According to Rippert and the three-man FCCLA team, during the competition, competitors are given one menu out of three created by the Culinary Institute of America. They are not told which menu they must prepare until they walk into the competition room. Competitors are then allotted 20 minutes of menu plan time, 20 minutes to set up and one hour to cook the menu in its entirety. Once the hour is up, it’s “hands-up” for competitors, and anything left off the plate is disqualified from the entry.  

“It was exciting and the flow of everything was amazing,” Martinez said. “We got compliments on our communication and teamwork which is a big compliment in the culinary field. Time management was a big issue. Because it was timed, certain things weren’t perfected as well as they could have been.”

Manhattan High students took about a month to practice and prepare for state. This included practicing cooking each part of the menu made up of an appetizer, and entree — which must include a protein and two sides — and a dessert. The practice seemed to have paid off for the team, though they still had their difficulties.

“Our kale salad had a little too much lemon,” Jackson said. “The chicken was a little undercooked and our plating for our truffles wasn’t the best, but we got everything plated which most people didn’t so it was all good.”

Placing third was a slight disappointment for the team as they won’t advance to nationals, and seniors will not get the chance again. However, they all seemed pleased at the $1000 scholarship award.

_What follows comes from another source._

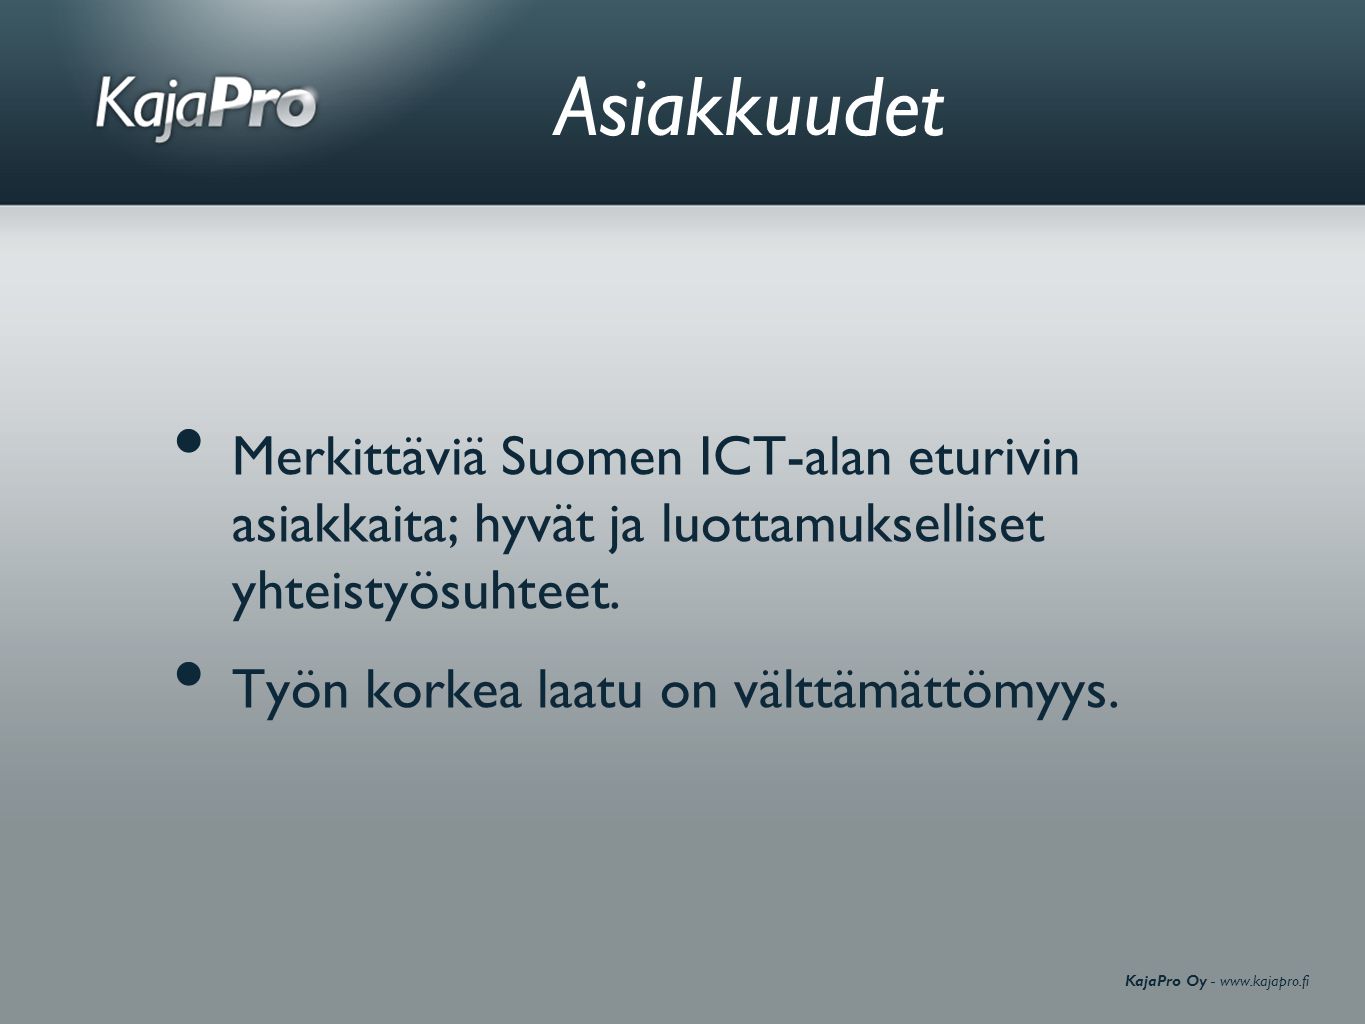 KajaPro Oy -   Asiakkuudet • Merkittäviä Suomen ICT-alan eturivin asiakkaita; hyvät ja luottamukselliset yhteistyösuhteet.

“Going to nationals would’ve been the ultimate reward but sadly we didn’t make it,” Martinez said. “The $1000 at least takes a little off tuition because [the Culinary Institute] is roughly $36,000 for four years and the scholarship is renewable. It helps at least a little.”

While seniors were sad they would not be able to return to competition, Rippert expressed gratitude for being able to watch the students grow.

“I’ve been able to see their creative talent within the culinary arts area and I have a few of them that will go far in culinary that aspire to be in the industry,” Rippert said. “Even though [the team] was disappointed in their third place finish — they would’ve liked to  have finished first this year… a silver is a great accomplishment.”